American film director and author

Bret Wood is an Atlanta-based film director and author.

==Film career==
Wood was born in Chattanooga, Tennessee, and attended the University of Tennessee. After living in New York City, where he was hired by Kino International, he moved to Atlanta, with wife Felicia Feaster.

Wood's most recent film is Those Who Deserve to Die, a supernatural revenge drama inspired by the novella The Avenger by Thomas De Quincey. His 2016 film The Unwanted was based on Sheridan Le Fanu's vampire tale Carmilla. His previous films include The Little Death (2010), Psychopathia Sexualis (2006), and Hell's Highway: The True Story of Highway Safety Films(2002), released by Kino International. His shorts include Judgement (2005), Rapture (2006), Security (2007), and The Other Half (2009).

In February 2007, his feature-length screenplay The Seventh Daughter was developed as part of Emory University's Brave New Works festival of plays. It was later named one of the winners of the first annual Atlanta Film Festival Screenplay Competition. In 2020, The Seventh Daughter was adapted as a ten-episode podcast from iHeart Radio.

In 2018, Wood wrote and directed the scripted podcast "The Control Group for Stuff Media.
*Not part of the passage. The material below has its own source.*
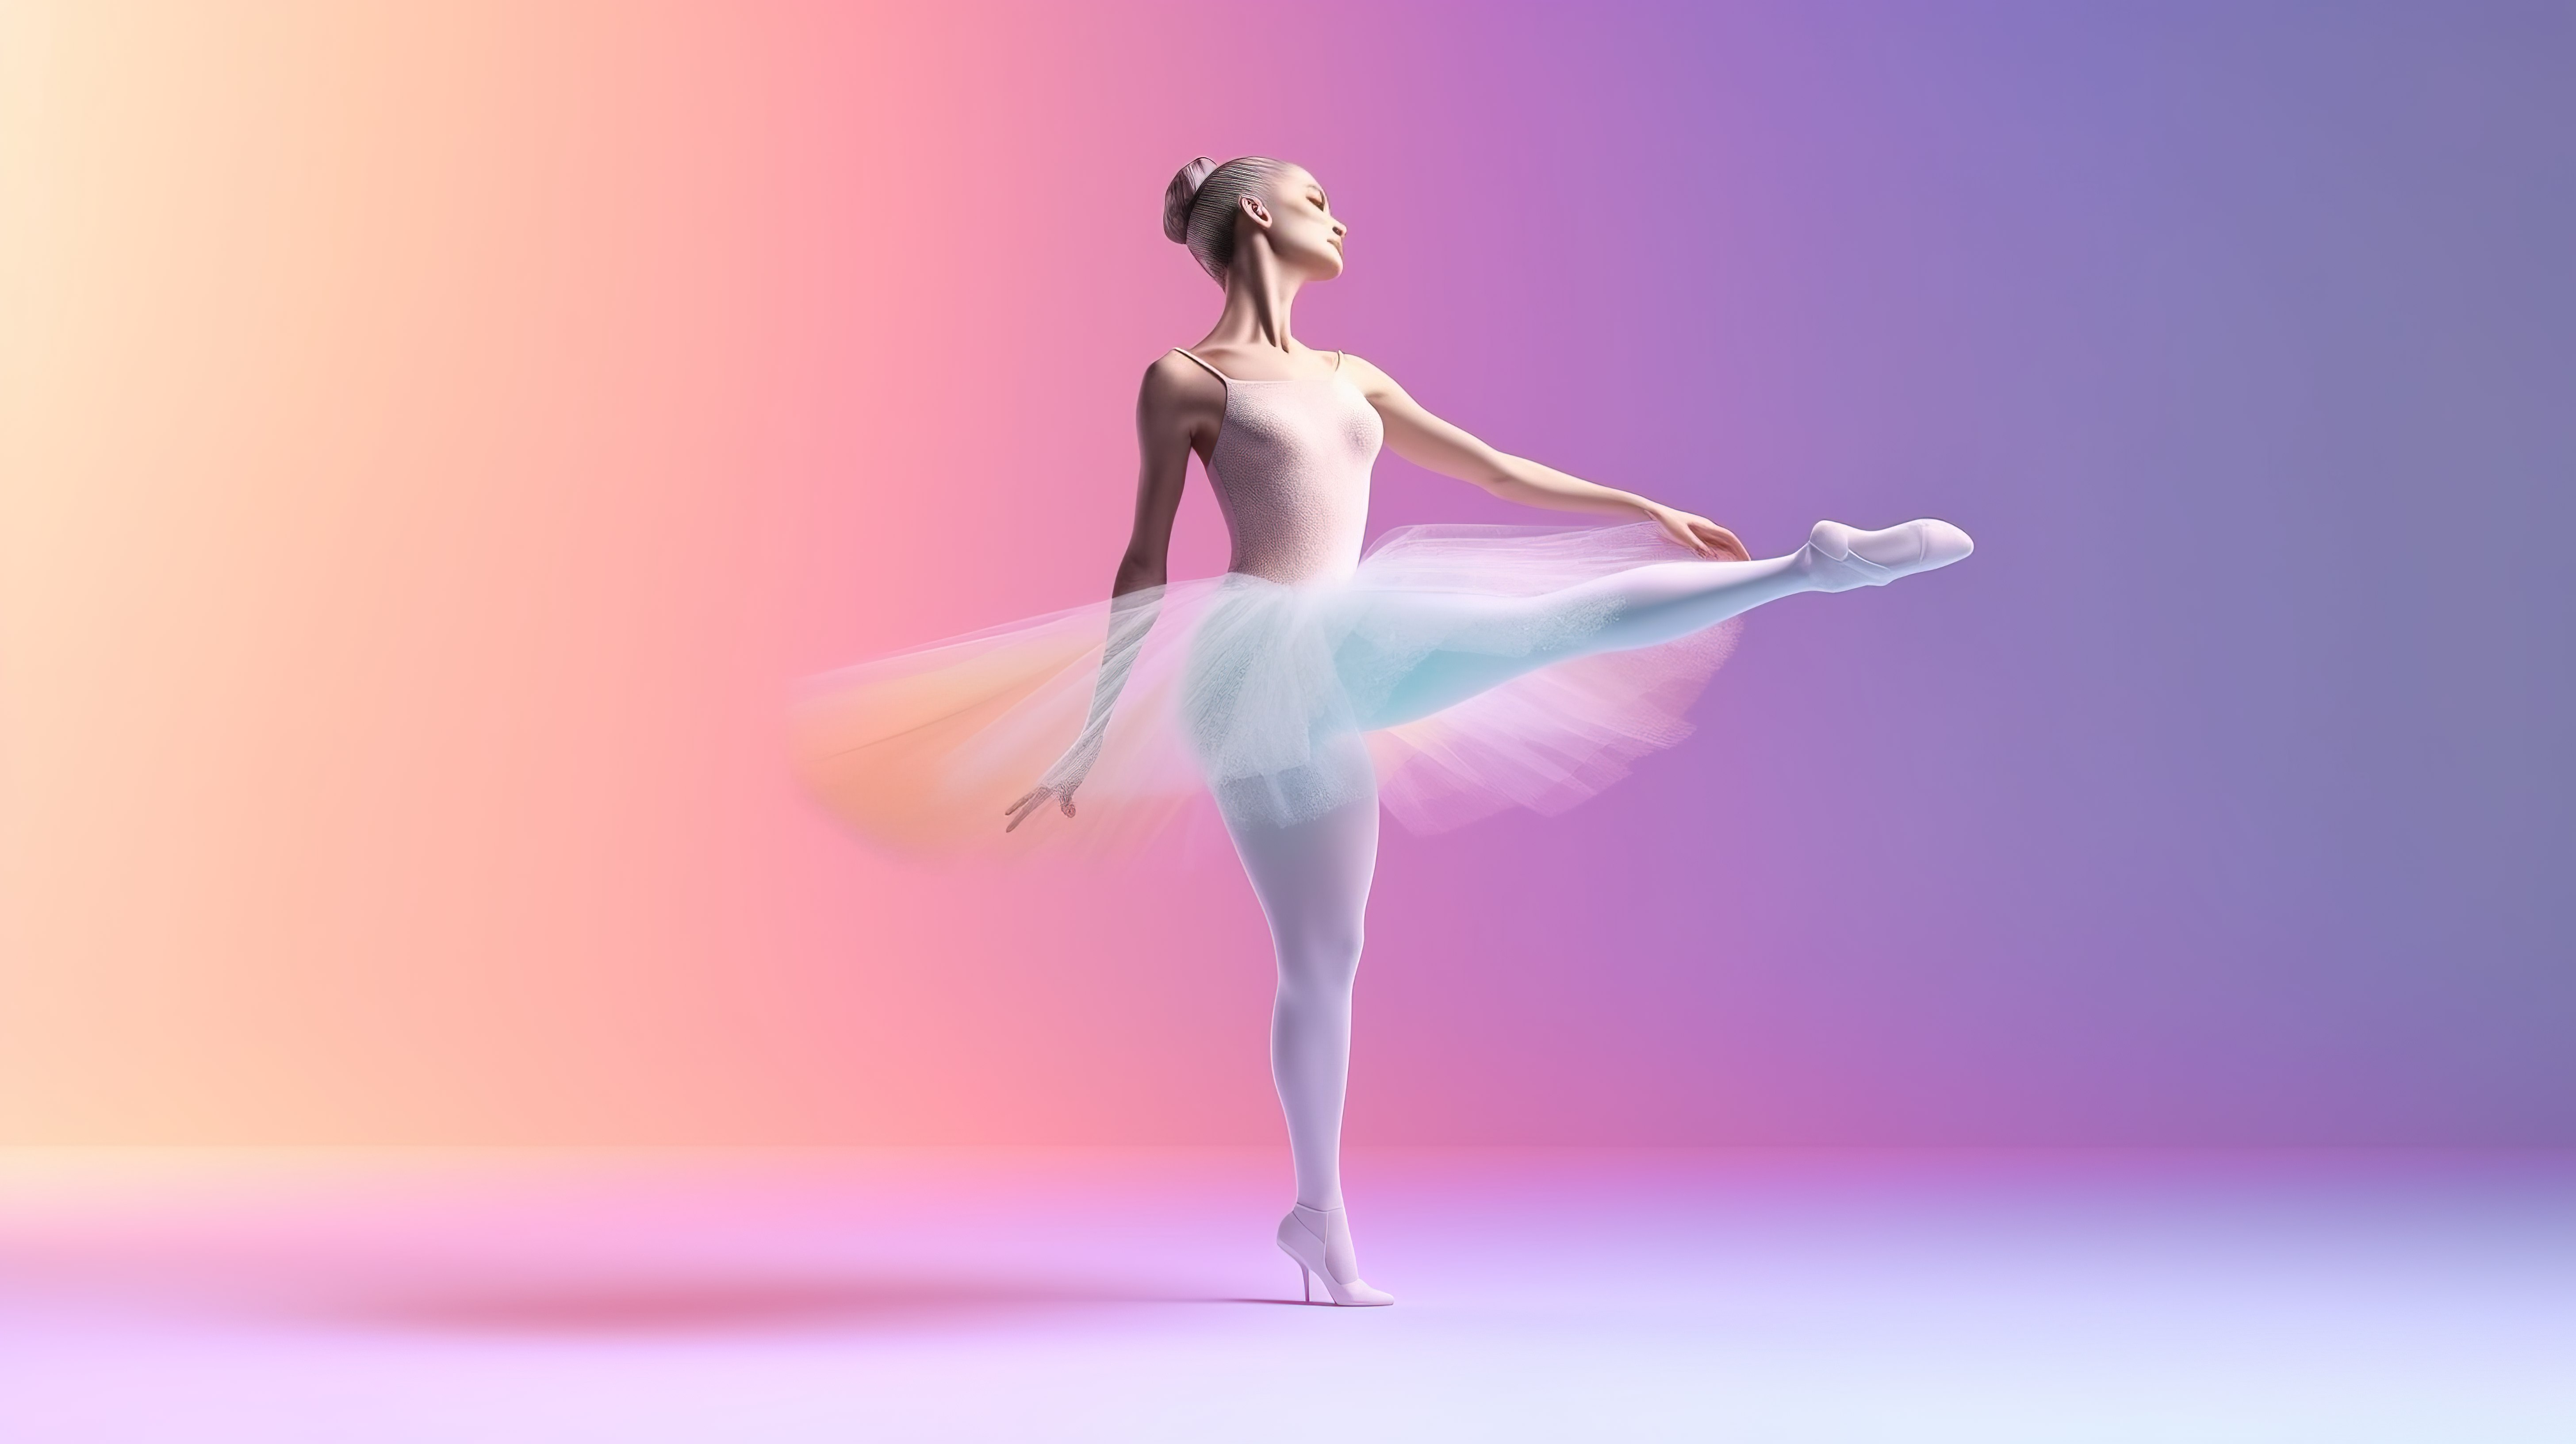 一位女性芭蕾舞演员在运动中的柔和彩色 3D 插图图片

As SVP and Producer of Archival Restorations for Kino Lorber, Wood's projects include Pioneers of African-American Cinema (2016), which won the Film Heritage Award from the National Society of Film Critics and Pioneers: First Women Filmmakers (2018, Kino Lorber), which won a Special Award from the New York Film Critics Circle.

==Writings==
Wood is the author of the biography Tod Browning: une vie avec les freaks. He also co-authored the book Forbidden Fruit: The Golden Age of the Exploitation Film with his wife, Felicia Feaster. He edited the books Queen Kelly: The Complete Screenplay by Erich von Stroheim and Marihuana, Motherhood and Madness: Three Screenplays from the Exploitation Cinema of Dwain Esper. In 2013, Wood wrote the introduction to Centipede Press's edition of William Lindsay Gresham's Nightmare Alley, and edited an anthology of Gresham's selected works entitled Grindshow.